Stéphane Peu (Gauche démocrate et républicaine) a critiqué l'absence de parole politique au sommet de l'Etat, alors que les mots de Jacques Chirac avaient eu un effet d'apaisement lors des émeutes de 2005. Raquel Garrido (La France insoumise) est allée plus loin, accusant le camp présidentiel de vouloir "mettre sous le tapis" la mort de Nahel. "Le fait de ne pas parler du fait générateur [des émeutes] est un mépris d'une situation, qui, si vous ne la regardez pas en face, surviendra à nouveau", a-t-elle estimé.

"Je vous invite vraiment à ne pas revendiquer le monopole des quartiers", lui a rétorqué Chrisophe Béchu, indiquant que de nombreux habitants "ne se reconnaissent absolument pas dans un discours qui consisterait à excuser, en raison d'un acte absolument inqualifiable, ce qui s'est passé ensuite."

Depuis des années, la politique de la ville est en état de mort cérébrale. Sabrina Sebaihi, députée Écologiste

Les députés du Rassemblement national ont également critiqué la portée limitée du projet de loi, mais également l'absence de précisions sur l'enveloppe qui va servir à la reconstruction. "Le contribuable français va encore être la vache à lait dans cette histoire", a déploré Grégoire de Fournas, appelant à la mise en place d'un mécanisme de "casseur-payeur". Le ministre de la Cohésion des territoires lui a rappelé que le montant des dégâts n'était pas encore consolidé, les collectivités ayant jusqu'au 30 septembre pour faire remonter leurs estimations.

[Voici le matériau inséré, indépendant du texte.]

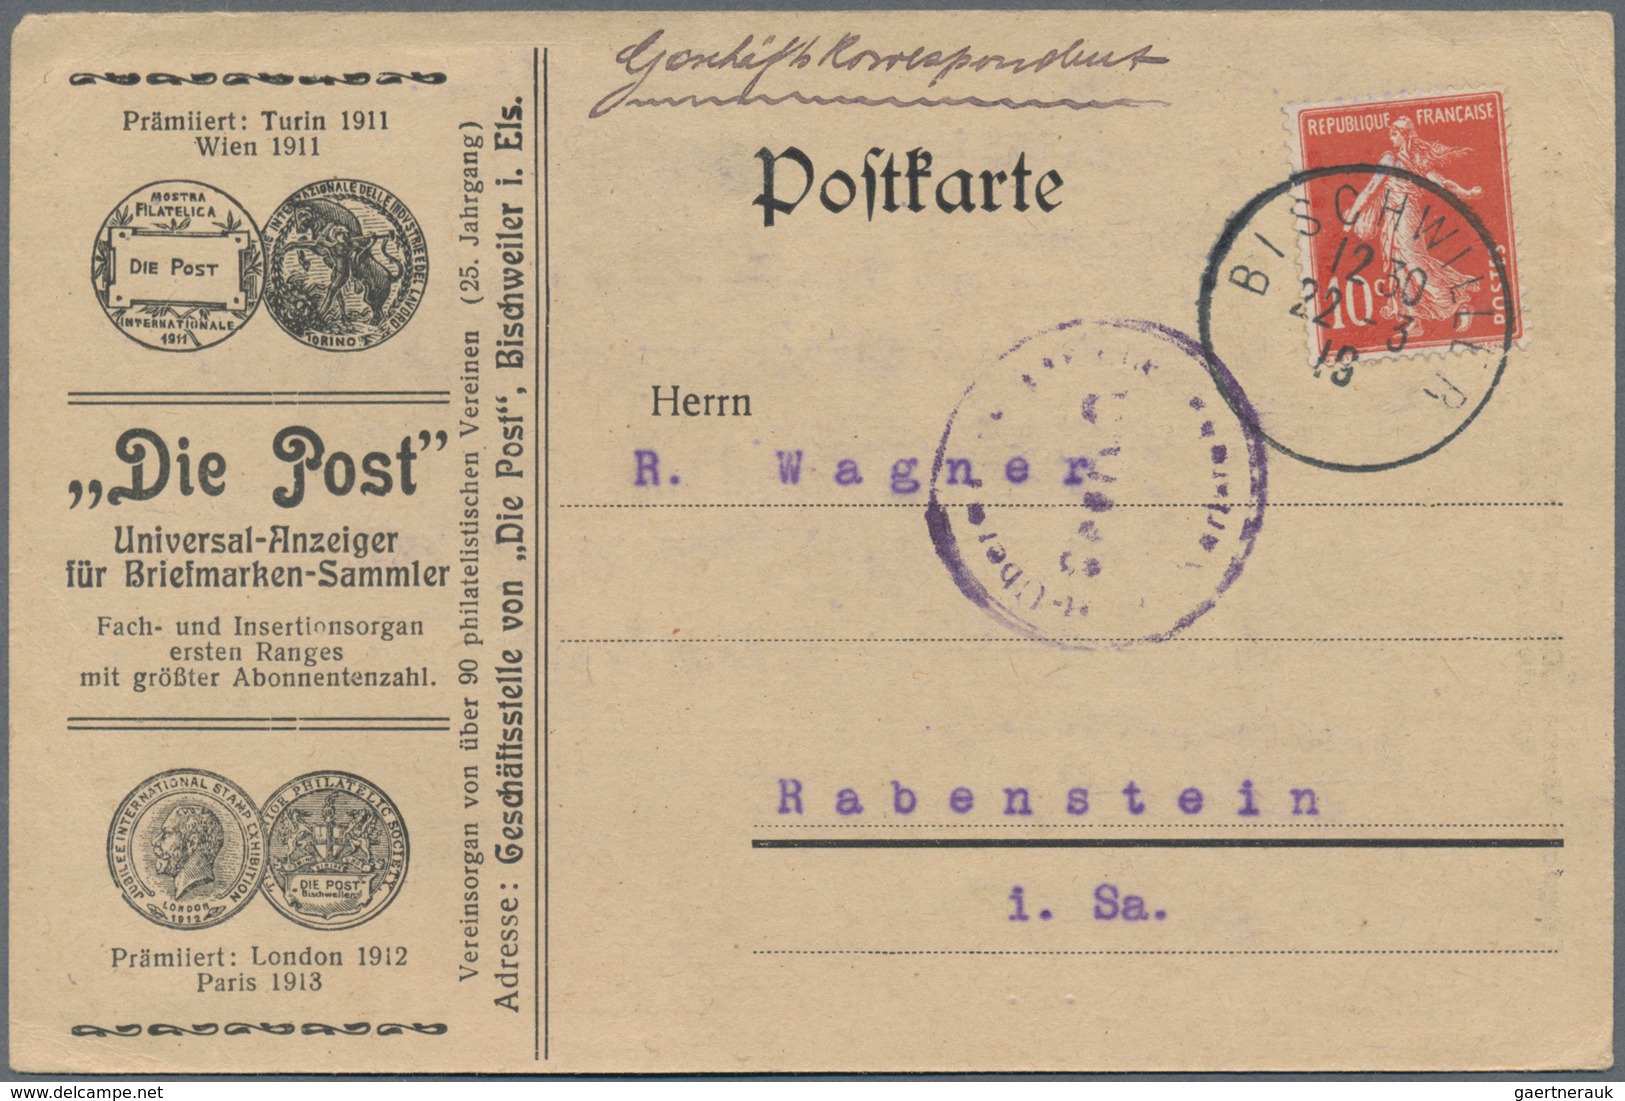 Frankreich: Starting About 1850 Holding Of Ca. 470 Covers, Cards, Folded Letters And Postal Statione - Sammlungen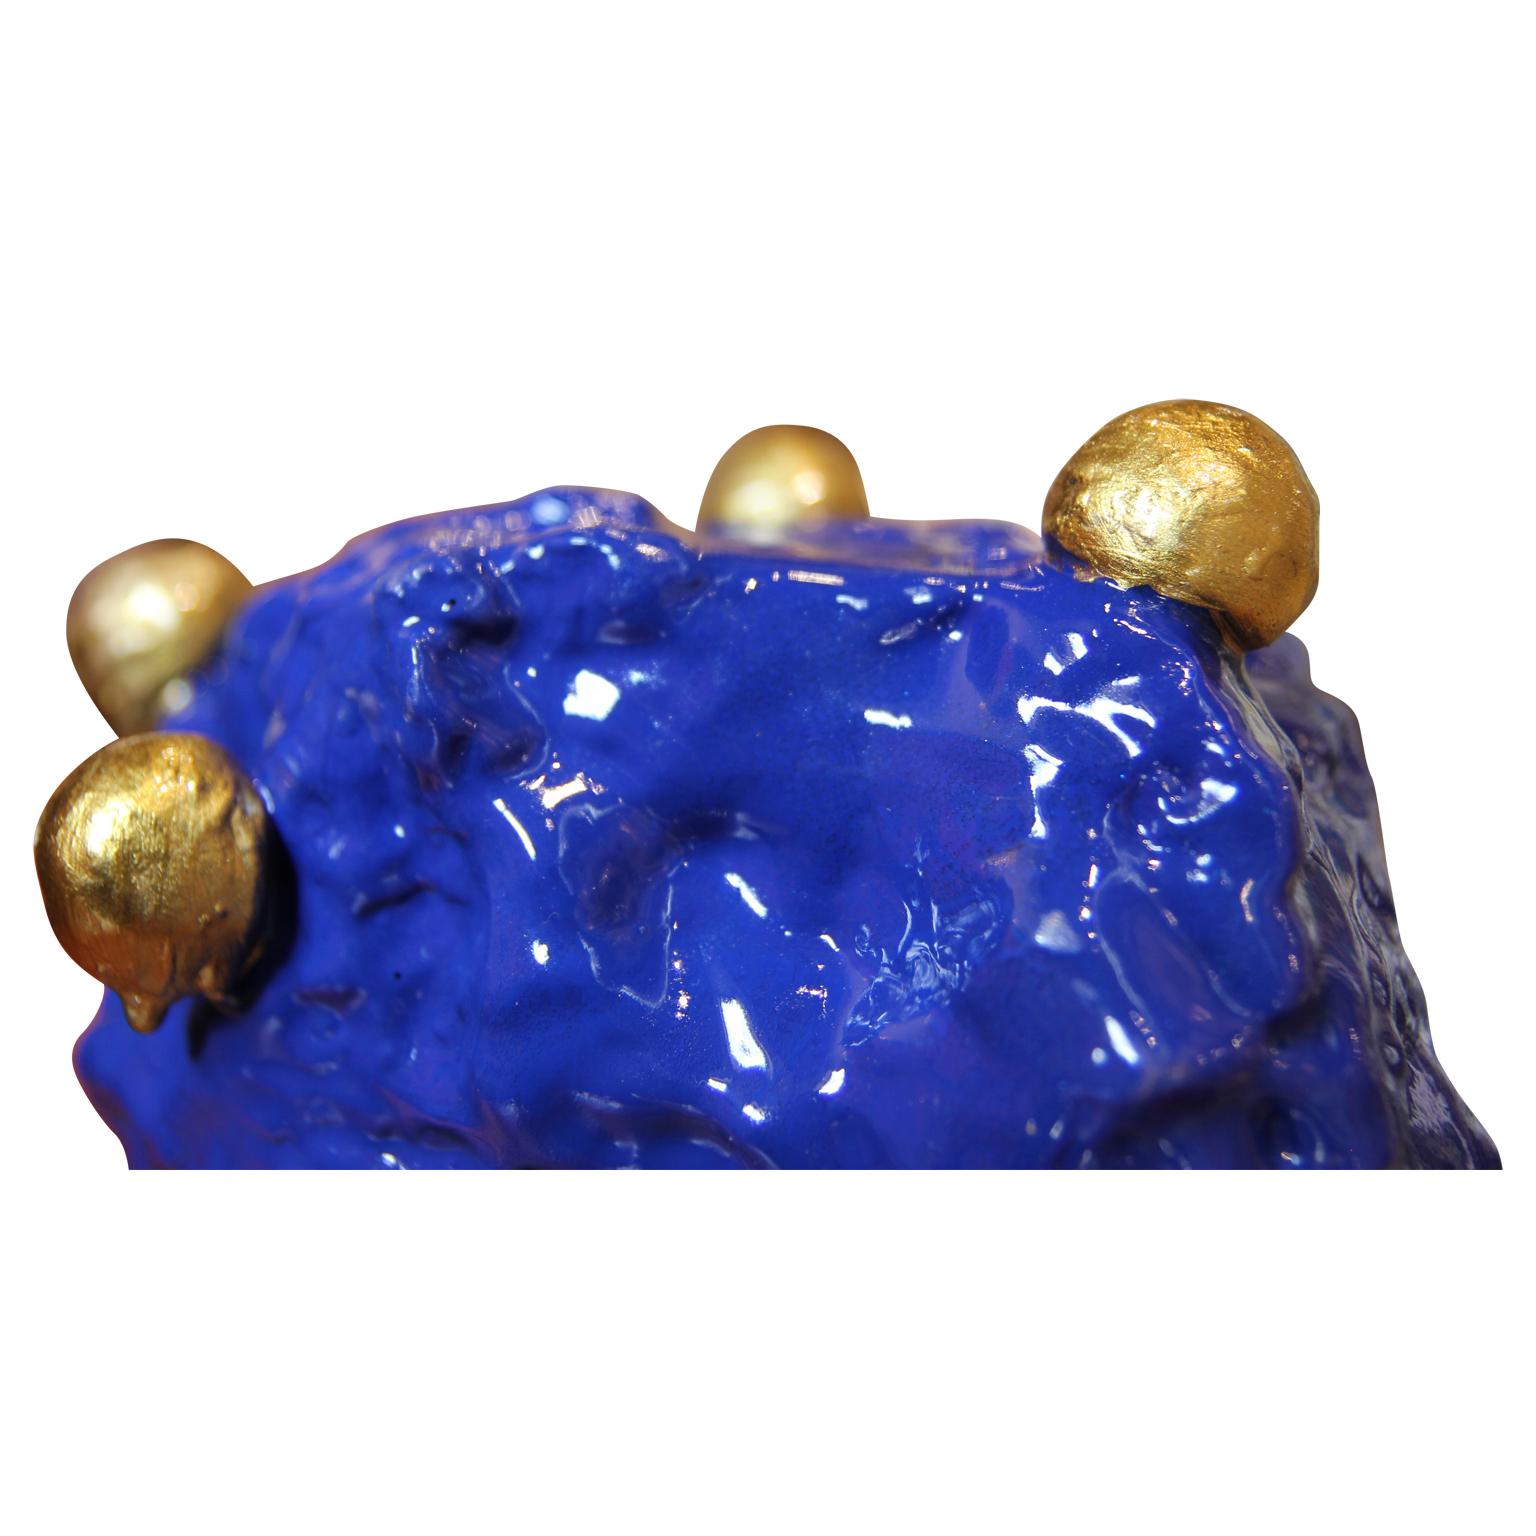 “I Know You Know I Love Yew” Blue and Gold Decorative Sculpture - Purple Abstract Sculpture by Jude Rosemond

Le Parlement aura la possibilité de se prononcer sur les décisions prises par l'exécutif au cours de l'automne. Le gouvernement doit en effet présenter un projet de loi de ratification des ordonnances dans un délai de trois mois à compter de leur publication. Ce qui devrait arriver en plein débat budgétaire. Christophe Béchu a d'ores et déjà fait savoir que le gouvernement n'excluait pas de créer une ligne de soutien et d'appui dans le cadre du projet de loi de finances. Cette dernière pourrait atteindre le montant des dégâts, défalqué des sommes payées par les assurances.